Directionality outcomes were registered for the midcoronal slice and as the average of the angles measured in all coronal slices (hereafter named averaged multi-slice direction or dispersion). In addition, we examined the pattern of change in direction and dispersion along the femoral head from the most anterior to the most posterior coronal slice by representing it with line graphs (x-axis represented the slice number and y-axis the angle).

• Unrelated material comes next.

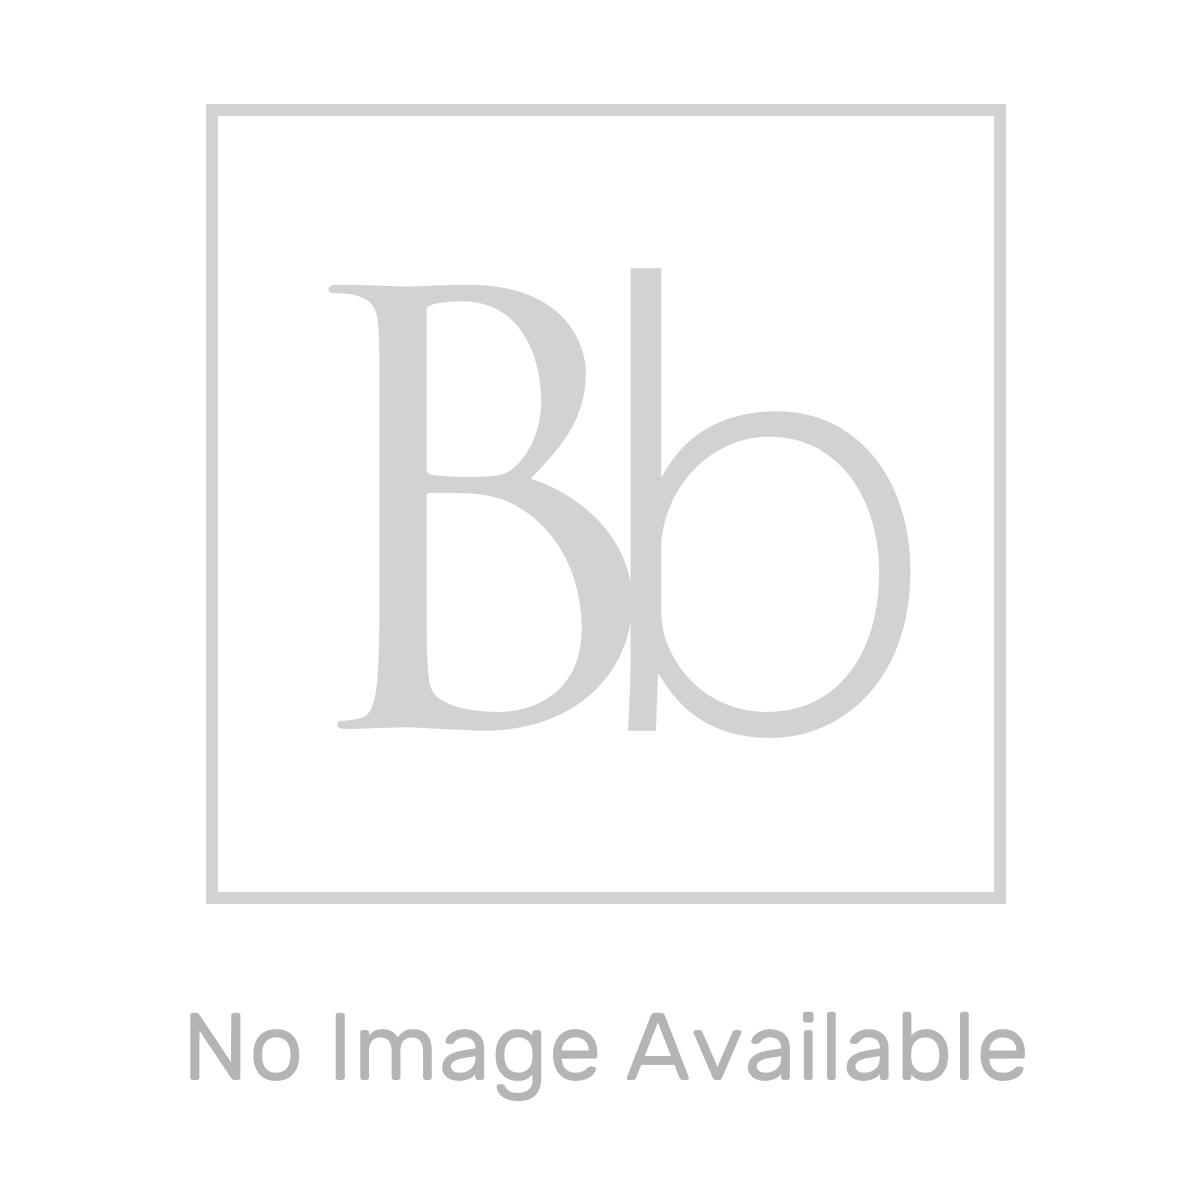 Aquadart Grey Slate Shower Tray 1600 x 800 Lifestyle

Before analyzing the data in a multi-slice dimension, we followed these steps: (1) Slices with a goodness score below 0.8 were designated as having no preferred orientation (Supplementary Fig. 2). For such slices, the direction and dispersion were marked as “NaN,” creating a gap in the line graph; (2) Values between -90° to 90° were registered, and those falling outside of this range were converted to fit within it (e.g., 170° was converted into -10°); (3) Slices demonstrating outlier angles were examined. If no trabecular directionality was identified or the angle was affected by other factors, such as local deformity, the slice was removed. This process was relevant, for example, when in a femoral head, only a single slice out of hundreds demonstrated an extreme angle due to a bone deformation appearing only in this slice. Moreover, omitting this slice was negligible, as it represents less than 0.1% of the femoral head. Across the entire sample, only eight slices were removed because of outlier data.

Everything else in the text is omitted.